Answer: Yes, but with critical limitations:

  1. FATCA & CRS Reporting

    • The US Foreign Account Tax Compliance Act (FATCA) requires Mauritius banks to report US-owned accounts to the IRS.
    • A zero tax offshore company in Mauritius holding US real estate or securities must file Form 8938 if controlled by a US person.
  2. US Estate Tax Exposure

    • If the Mauritius company owns US real estate, it may trigger US estate tax (40%) upon the owner’s death.
    • Solution: Hold the property through a Mauritius trust or LLC to avoid US estate tax.
  3. Capital Gains Tax on US Real Estate

    • The US taxes capital gains on real estate (even if held via a foreign entity).
    • Solution: Use a US LLC owned by the Mauritius company to benefit from US tax treaties (e.g., 0% FIRPTA withholding if structured correctly).
  4. PFIC & GILTI Risks (for US Owners)

    • A Mauritius GBL company may be classified as a Passive Foreign Investment Company (PFIC) or subject to GILTI tax (10.5%).
    • Solution: Elect QEF or MTM treatment or restructure as a US disregarded entity (LLC).

Best Practice:

  • Use a Mauritius SPC (Segregated Portfolio Company) for US asset diversification.
  • Ensure substance in Mauritius to avoid CFC or PFIC classification.
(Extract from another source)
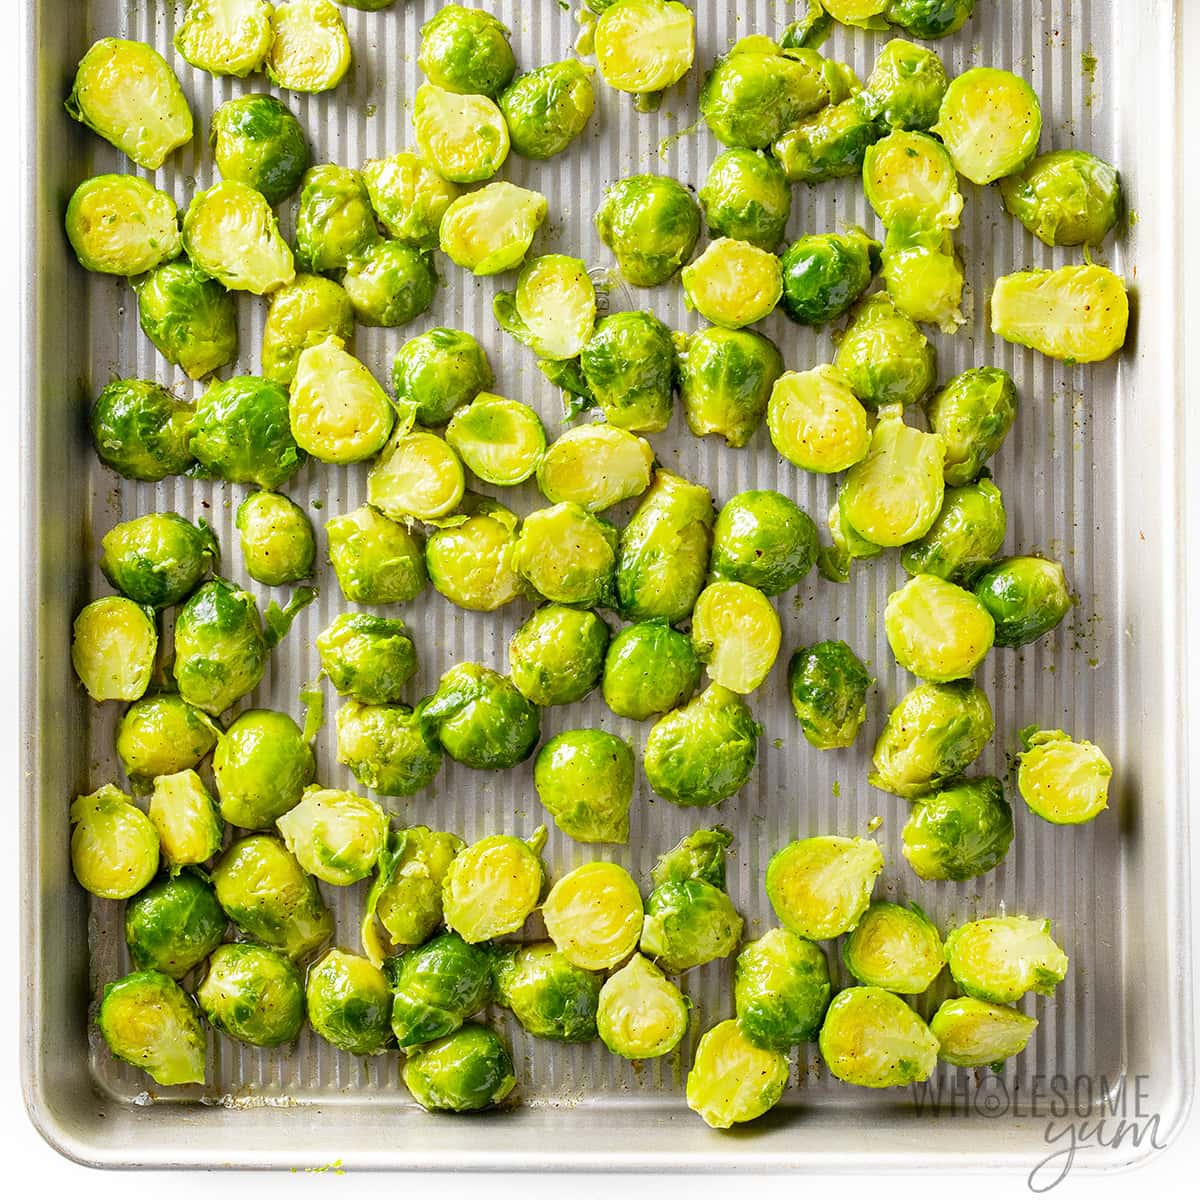 Brussels sprouts on a sheet pan, cut in half.

5. What happens if Mauritius changes its tax laws in the future?

Answer: Mauritius has been proactive in maintaining its zero-tax regime, but global tax transparency pressures (OECD, EU, US) introduce risks:

  1. Substance Requirements Become Stricter

    • The Substance Requirements Act (2021) may be expanded to require more employees or higher local spending.
    • Solution: Maintain flexible substance (e.g., outsourced CFO services, co-working spaces).
  2. CRS & FATCA Reporting Expands

    • Mauritius may automatically exchange CRS data with more countries (e.g., US, UAE).
    • Solution: Use intermediary jurisdictions (e.g., Singapore, UAE) for additional privacy.
  3. DTA Renegotiations

    • Mauritius has renegotiated DTAs to close loopholes (e.g., India, South Africa).
    • Solution: Structure around new treaties (e.g., UAE-Mauritius DTA for 0% withholding on dividends).
  4. Economic Substance Laws Tighten

    • The EU’s Code of Conduct Group may blacklist Mauritius if it’s deemed a tax haven.
    • Solution: Diversify into multiple zero-tax jurisdictions (e.g., UAE + Cayman Islands).

Contingency Plan:

  • Pre-structure with a fallback jurisdiction (e.g., UAE free zone).
  • Use a Mauritius PCC for asset segregation.
  • Monitor MRA/FSC updates via direct consultations with a Mauritius tax advisor.

Bottom Line: A zero tax offshore company in Mauritius remains highly viable in 2026, but adaptability is key. Taxpayers must document substance, avoid passive structures, and have exit strategies in place.